The new church (pictured here in 1880) was funded mostly by donations, with a small amount coming from church grants, and cost around £3,800. The tradespeople were mostly local: William Biscomb, a builder from Peckitt St was responsible for the beautiful red brickwork, and William Rookledge, a master joiner from Stonegate, worked on the joinery (he also did some work in the Minster). The foundation stone was laid on 16 October 1872.
The same year. George moved into a newly built rectory, off Bishopthorpe Road, on the site of Rectory Gardens today.
He had seen the need for a local school, and raised the money to build Cherry St School, drawing upon voluntary contributions, grants and a substantial amount from his own pocket. The school had opened in 1872, and from 1874 onwards parish activities centred around the church building and the Cherry St schoolrooms. By 1873, there was a parish temperance society, which aimed to eliminate alcohol consumption, holding musical (dry) entertainments at least twice a year. There were many reports of these entertainments in the local press, giving the impression of entertaining and accomplished musical events. His temperance campaigns delayed the opening of public houses in South Bank until the 1930s.
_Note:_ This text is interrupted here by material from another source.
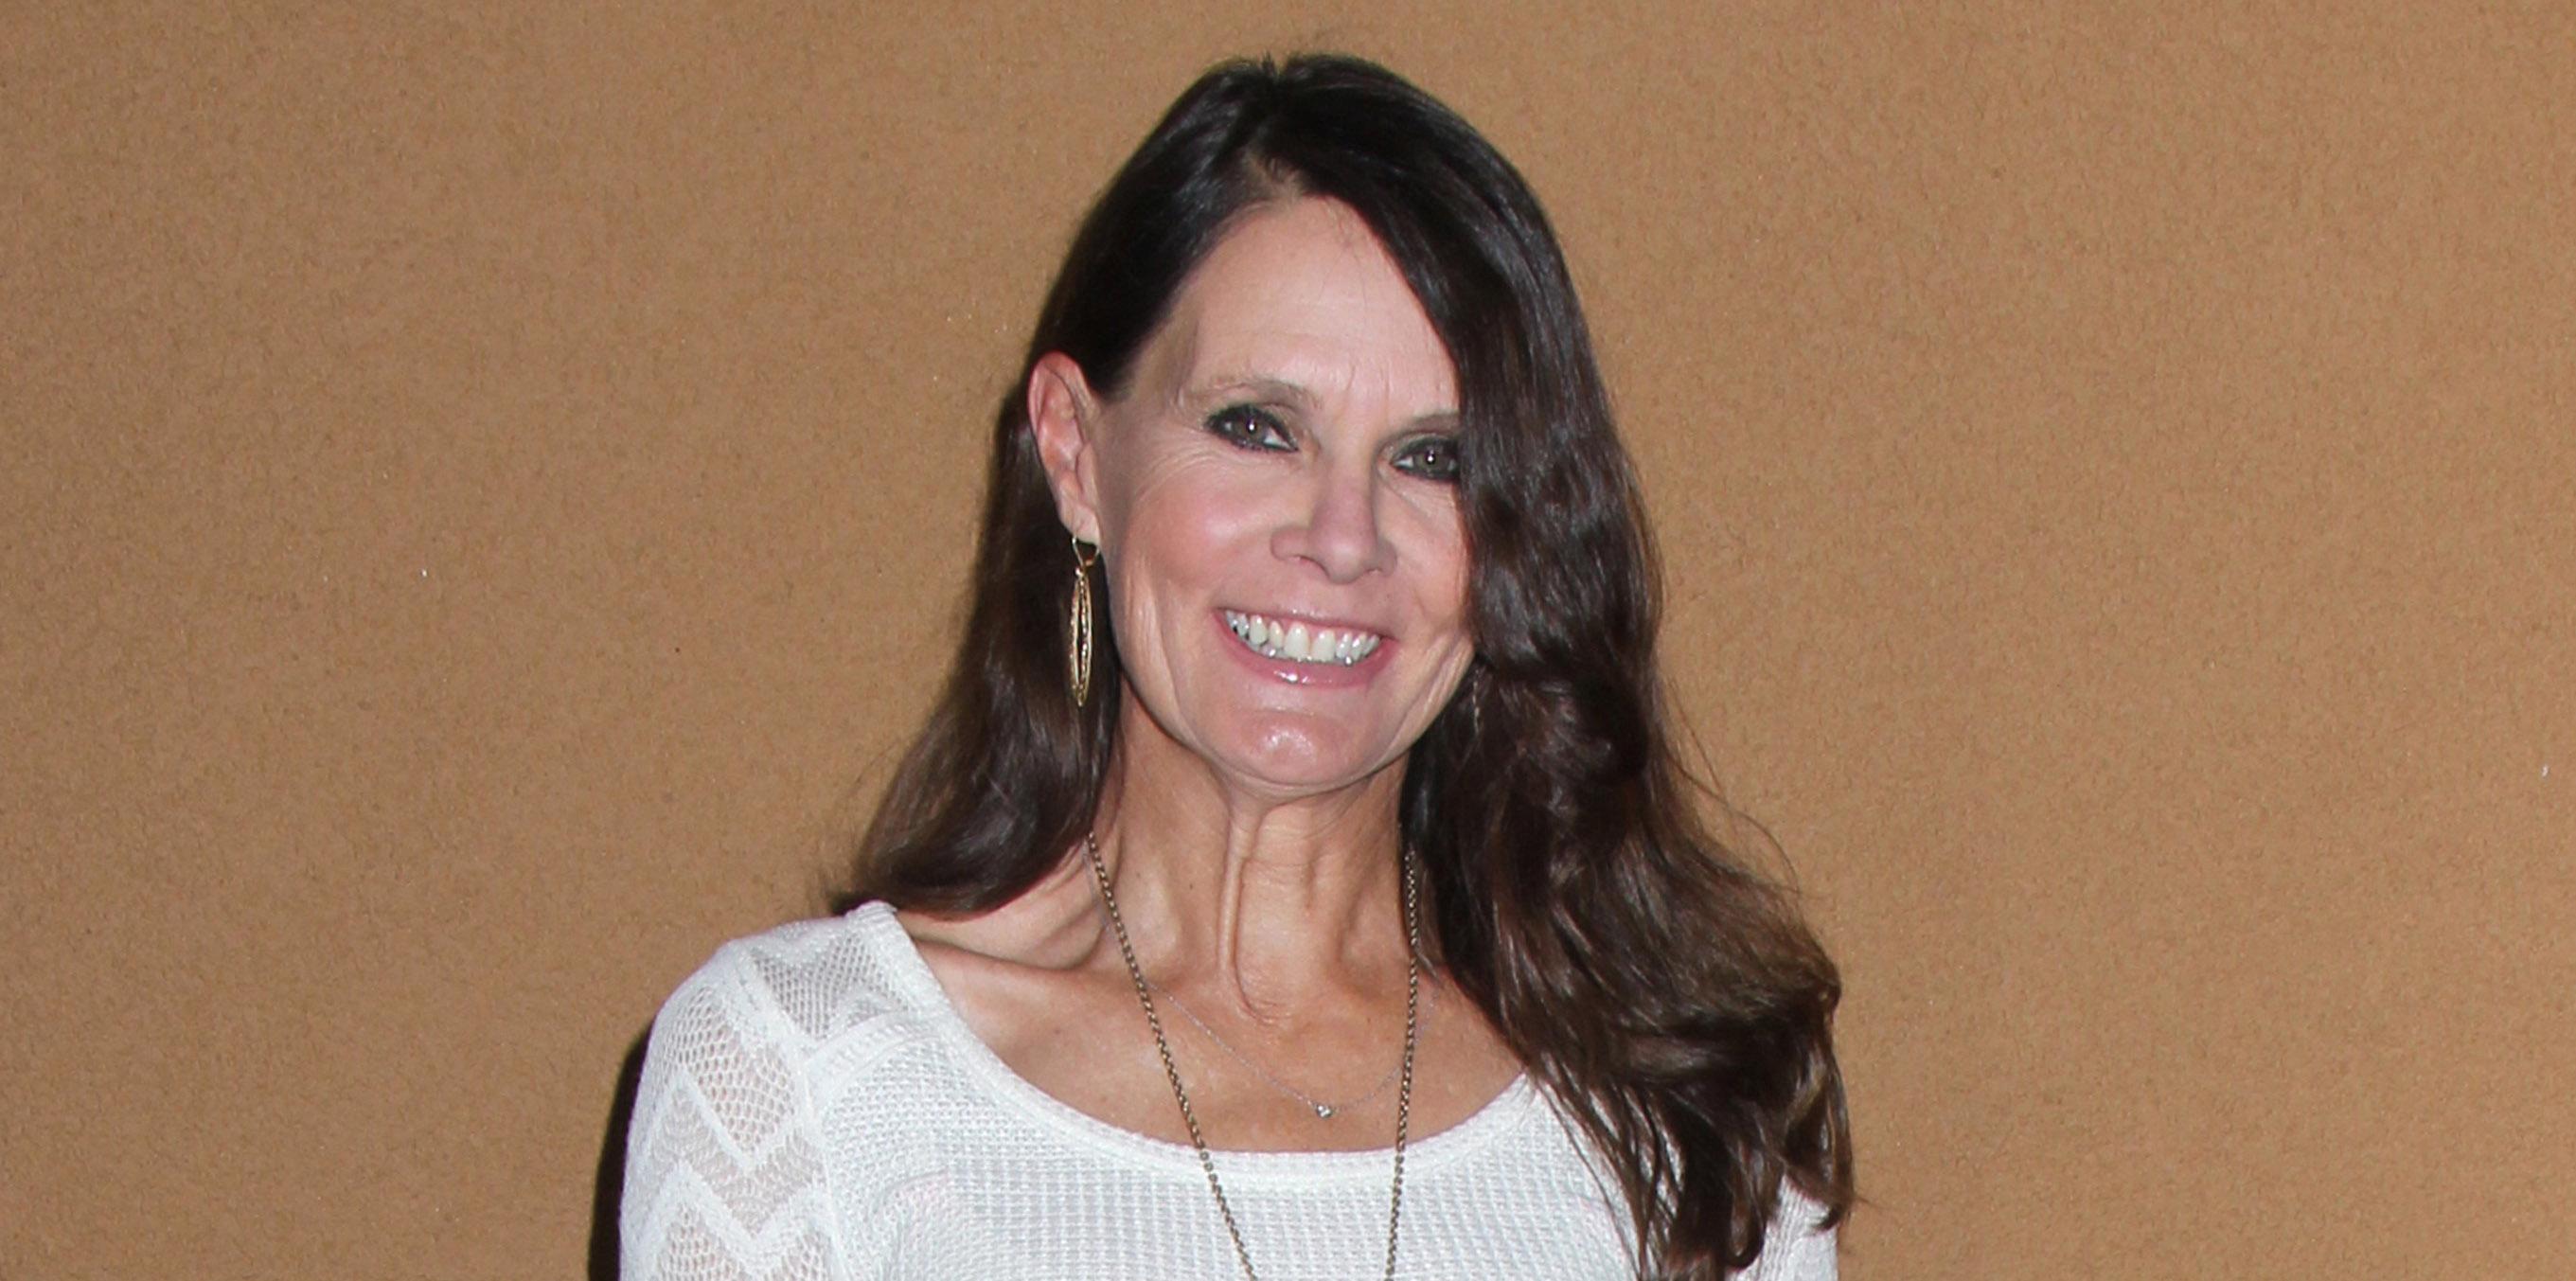 Lynn Herring & Kin Shriner Orlando Event

George campaigned for affordable homes to be put up in the city after the parish lost 50-60 small houses when Skeldergate Bridge was built. Reflecting modern concerns, he wrote to the press in 1881, to criticize the fact that the newly built housing was unaffordable for many people. He eventually retired from St Clement's in the summer of 1919, after over 48 years in York. At his retirement presentation he revealed that his own motto was to 'get it done and let them howl'. But his retirement was short; in November 1919, he fell in York Minster and fractured his leg above the knee. He died in February 2020, aged 78.